Une proposition de loi transpartisane visant à légaliser le cannabis pour lutter contre les trafics a été présentée mardi par le député LFI Eric Coquerel, avec pour objectif de maintenir la pression sur un sujet auquel l'exécutif est opposé.

Le texte de M. Coquerel est co-signé par une quinzaine de députés, principalement de gauche mais aussi deux appartenant au groupe LREM, Jean-Baptiste Moreau et Patrick Vignal, et un au groupe MoDem, Richard Ramos.

La proposition sur la "lutte contre le commerce illégal de drogues" -son intitulé officiel- s'articule autour de trois axes: la prévention, la légalisation du cannabis et la sécurité.

La lutte contre la drogue n'y est plus l'apanage du seul ministère de l'Intérieur, celui de la Santé étant amené à "assumer la coordination en matière de stupéfiants".

L'idée centrale repose sur le fait qu'un cannabis légalisé, produit et commercialisé sous contrôle des pouvoirs publics, permettrait d'assécher les trafics et de mieux agir en matière de santé publique.

M. Coquerel, élu de Seine-Saint-Denis, a dressé devant la presse un "bilan catastrophique" de la politique répressive suivie actuellement, "qui ne fonctionne ni pour freiner la consommation, ni pour freiner le trafic".

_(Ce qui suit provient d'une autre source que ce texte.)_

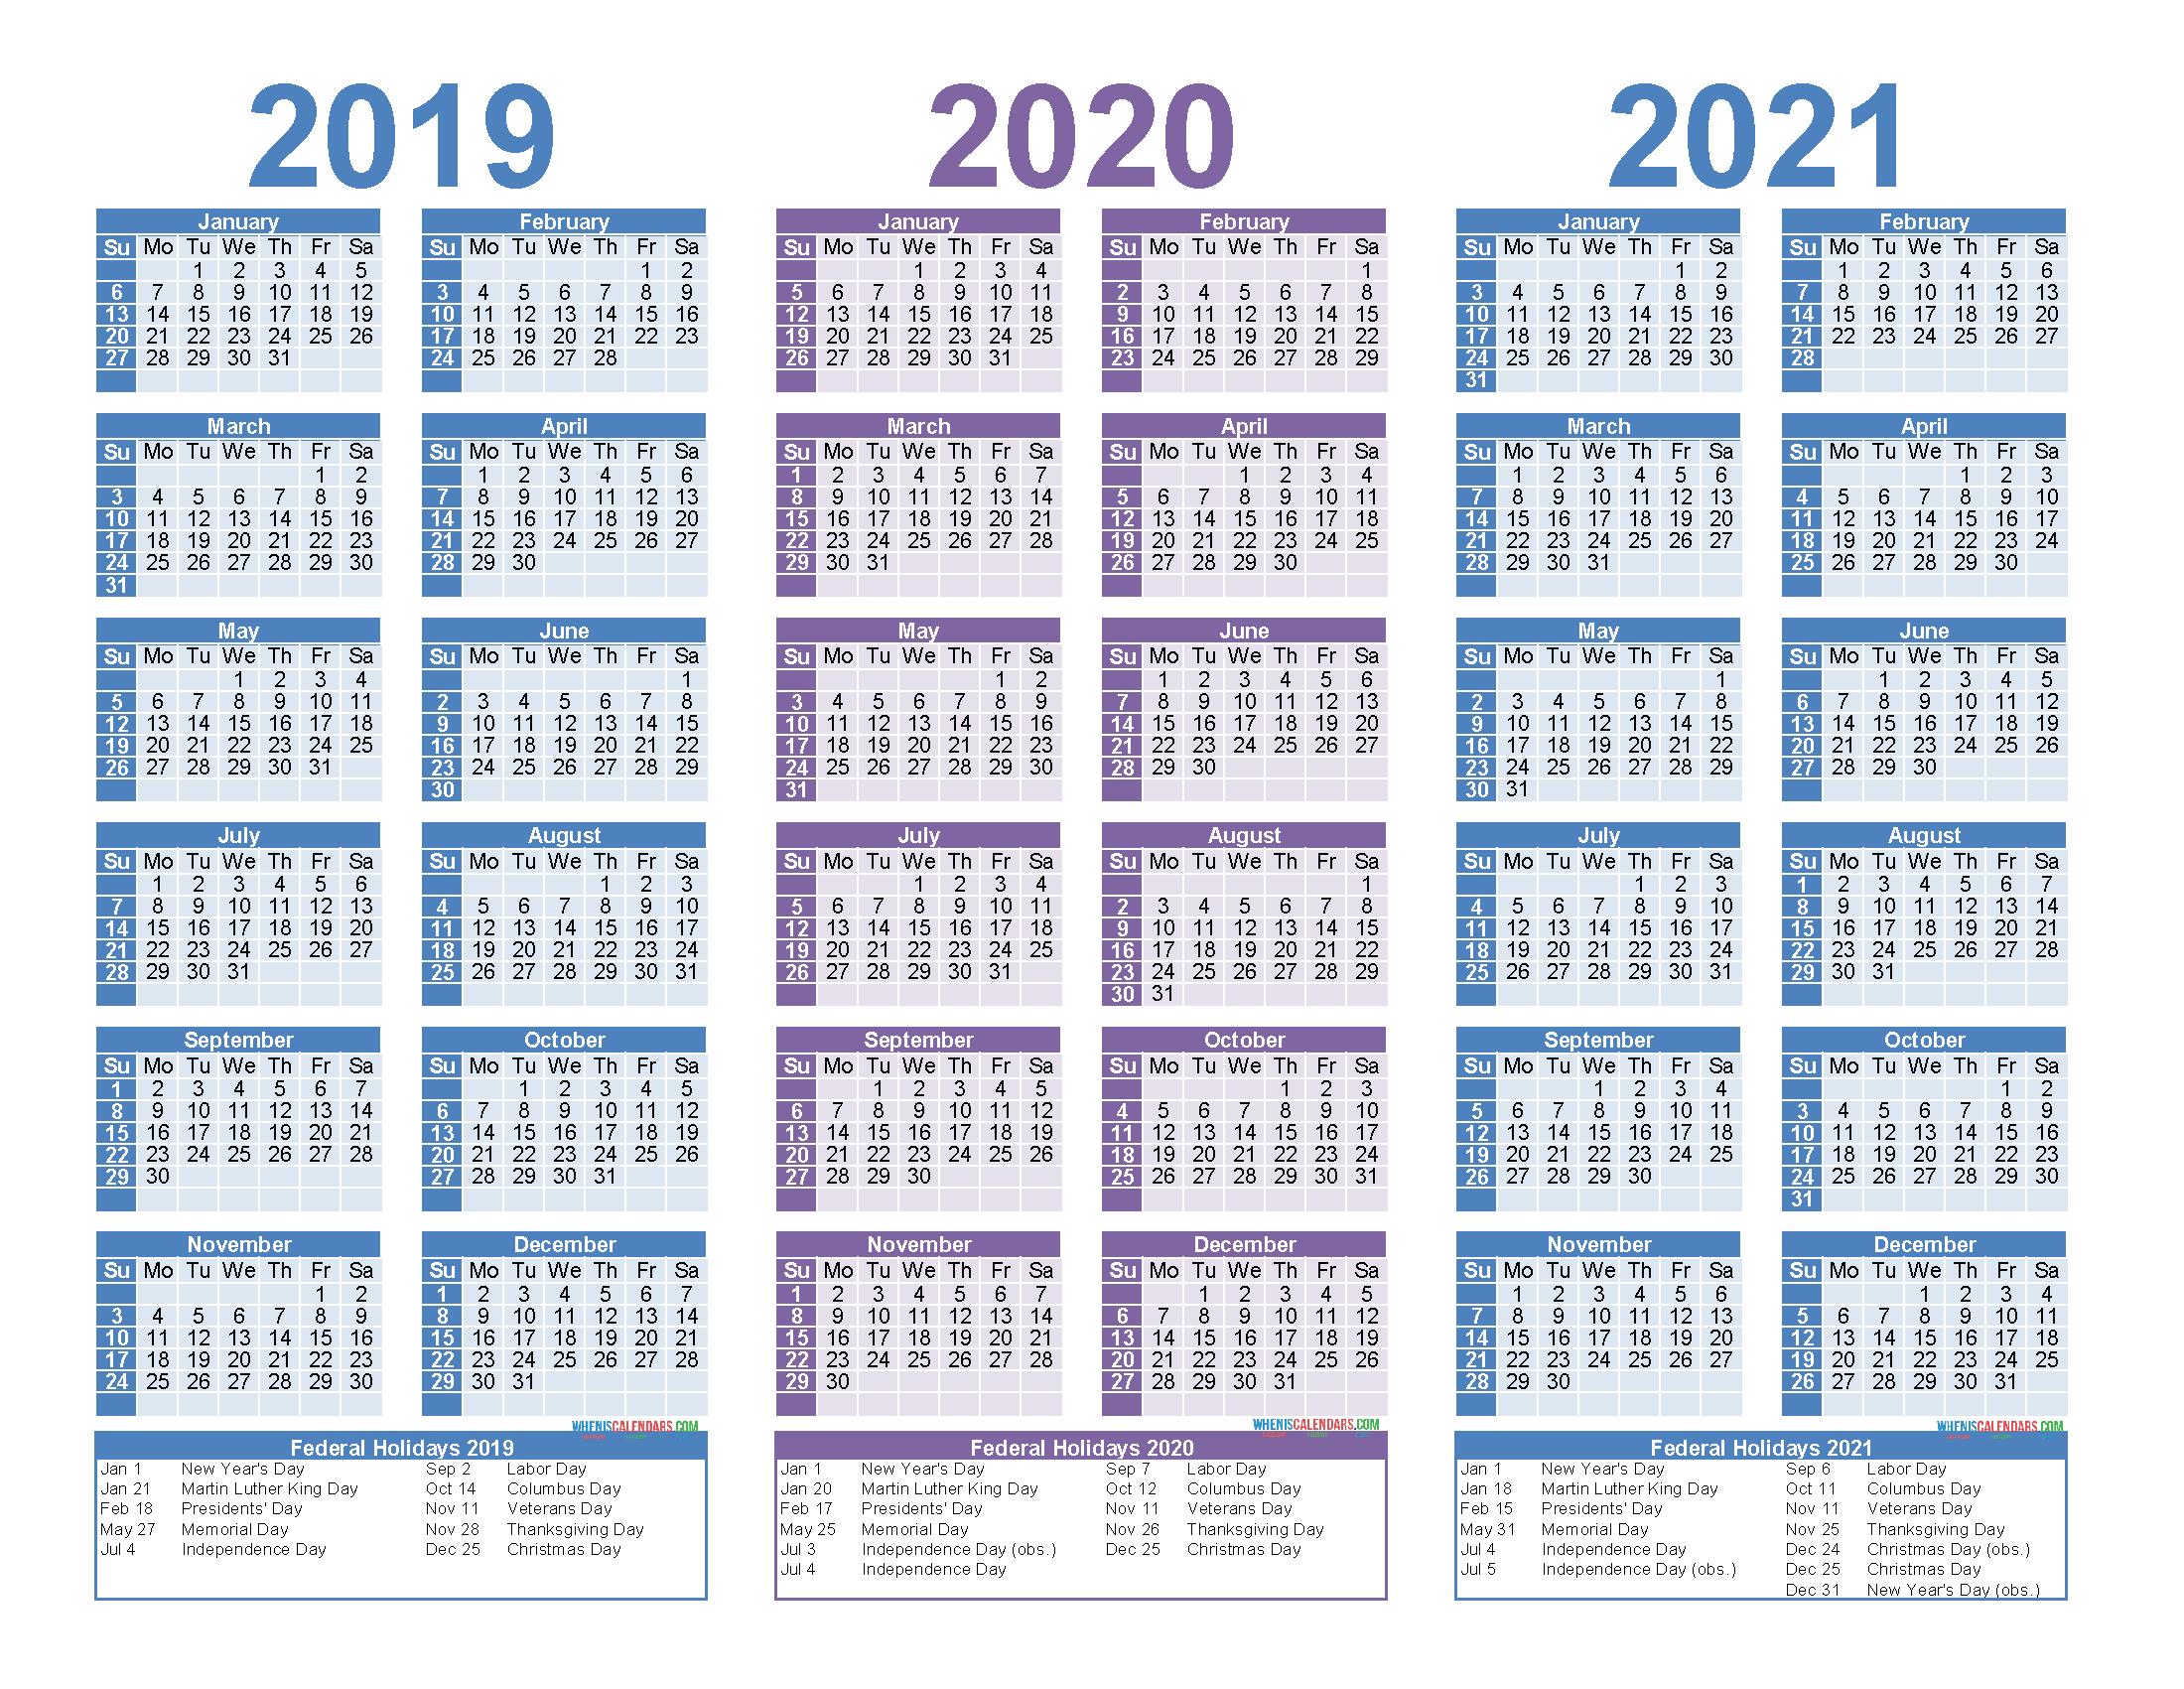 3 Year Calendar 2020 To 2021 Excel | Calendar For Planning for 3 Year Calendar 2020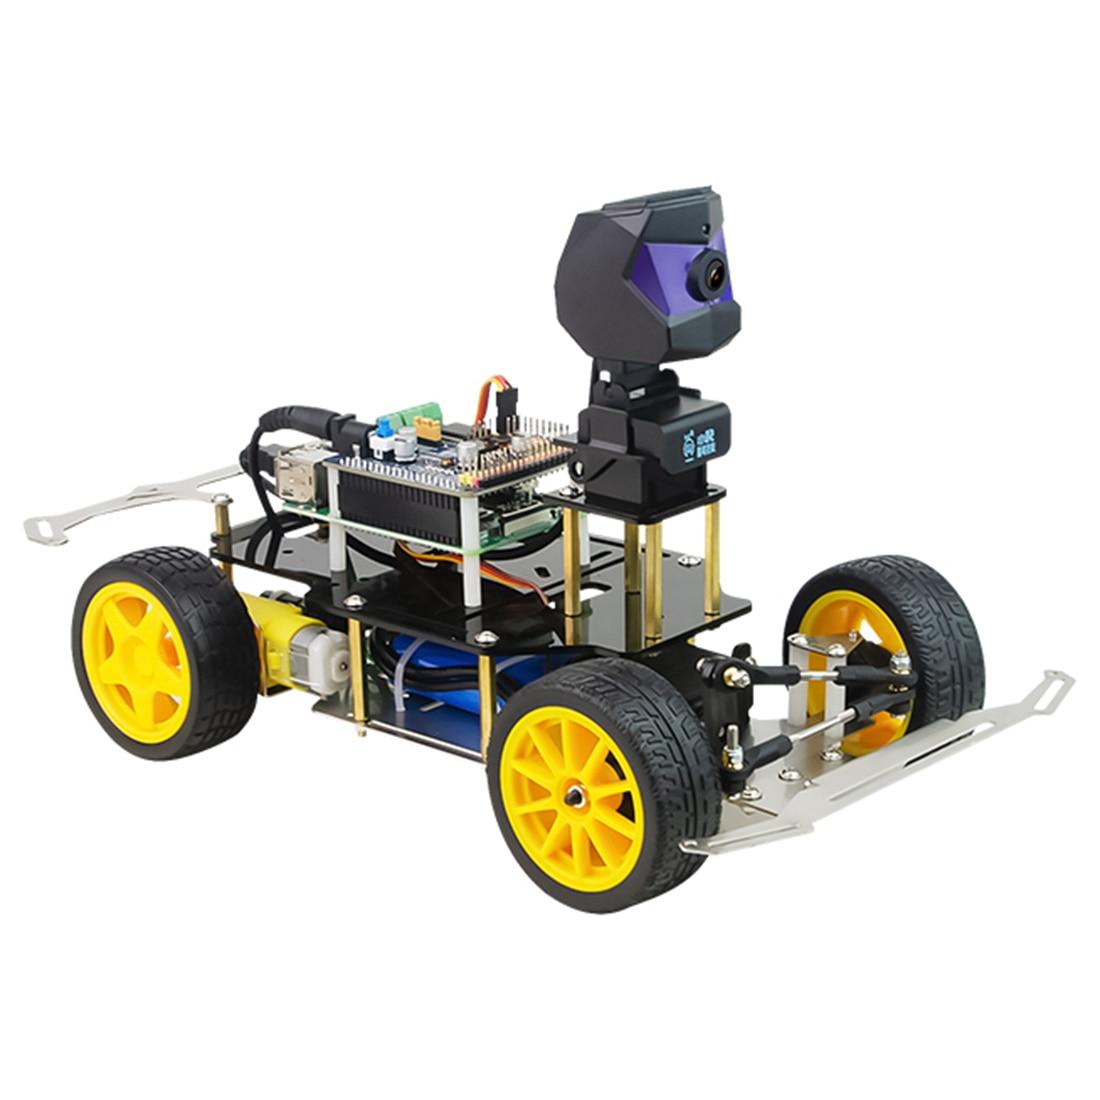 NFSTRIKE Donkey Car Smart AI Line Follower Robot Opensource DIY Self Driving Platform For Raspberry Pi RC Car  Programmable Toys

"On sait que la légalisation est inéluctable" même si "c'est un sujet très difficile à aborder dans le débat public", a abondé François-Michel Lambert (groupe Libertés et territoires), l'un des plus ardents partisans de la dépénalisation à l'Assemblée.

Une proposition de loi de M. Lambert, dont des éléments ont été repris dans celle de M. Coquerel, avait été rejetée en commission des Affaires sociales au Palais Bourbon en mars dernier.

Un mission parlementaire, coordonnée par la députée LREM Caroline Janvier, a rendu au début du mois un rapport proposant également de légaliser le cannabis afin de contrer les trafics.

M. Coquerel a toutefois admis que face à l'opposition exprimée par le ministre de l'Intérieur Gérald Darmanin et le président Emmanuel Macron, sa proposition ou tout autre texte semblable n'avait pratiquement aucune chance d'aboutir pour le moment. "Cela ne se passera pas sous ce mandat", a-t-il convenu.

Mais en gardant la pression sur cet objectif, "je crois que la prochain mandature peut être l'occasion d'adopter une loi en ce sens", a espéré l'élu LFI.